+++ Data
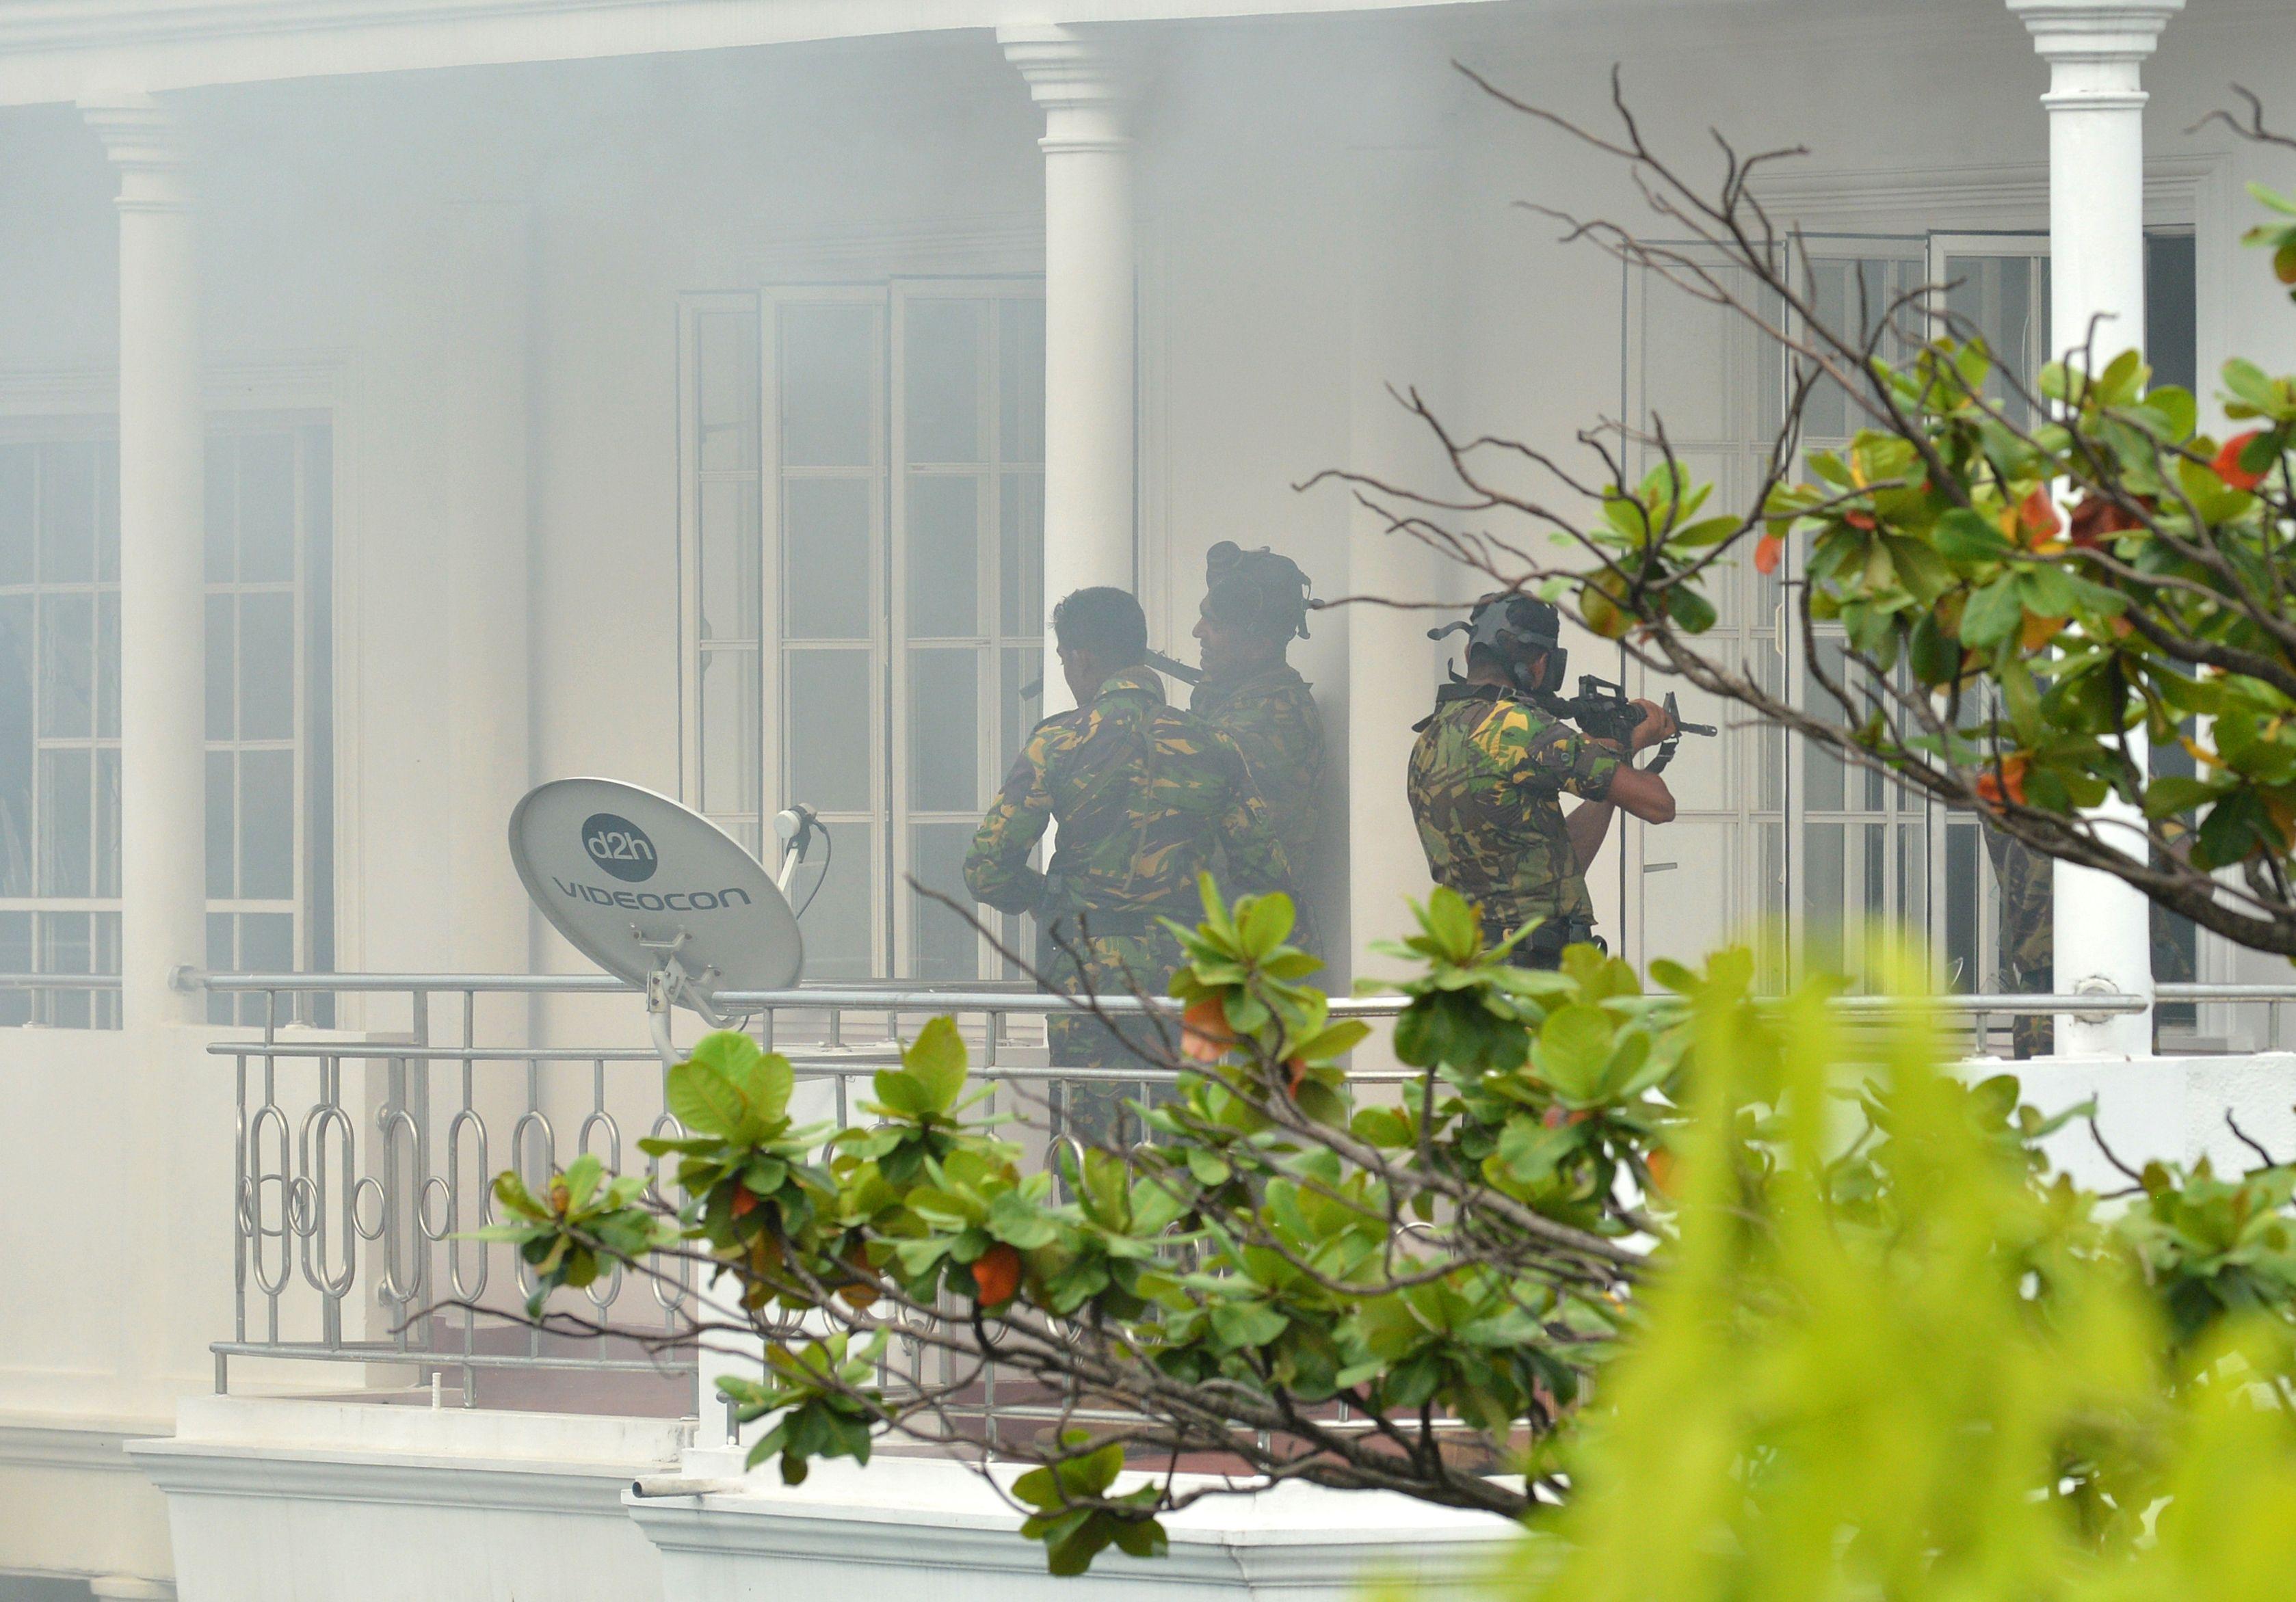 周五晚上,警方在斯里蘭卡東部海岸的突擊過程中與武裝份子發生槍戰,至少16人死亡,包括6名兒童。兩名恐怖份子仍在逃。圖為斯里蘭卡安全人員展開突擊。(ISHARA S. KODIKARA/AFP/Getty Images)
++++++
+++ Data
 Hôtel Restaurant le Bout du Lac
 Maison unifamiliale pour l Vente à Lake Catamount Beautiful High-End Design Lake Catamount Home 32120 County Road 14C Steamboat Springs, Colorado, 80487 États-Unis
++++++
Directions for this task:
Taking the material above, extract exactly and only the lines from the line with "Hôtel Restaurant le Bout du Lac" to the line with "Maison unifamiliale pour", inclusive of both.

Written response:
 Hôtel Restaurant le Bout du Lac
 Maison unifamiliale pour l Vente à Lake Catamount Beautiful High-End Design Lake Catamount Home 32120 County Road 14C Steamboat Springs, Colorado, 80487 États-Unis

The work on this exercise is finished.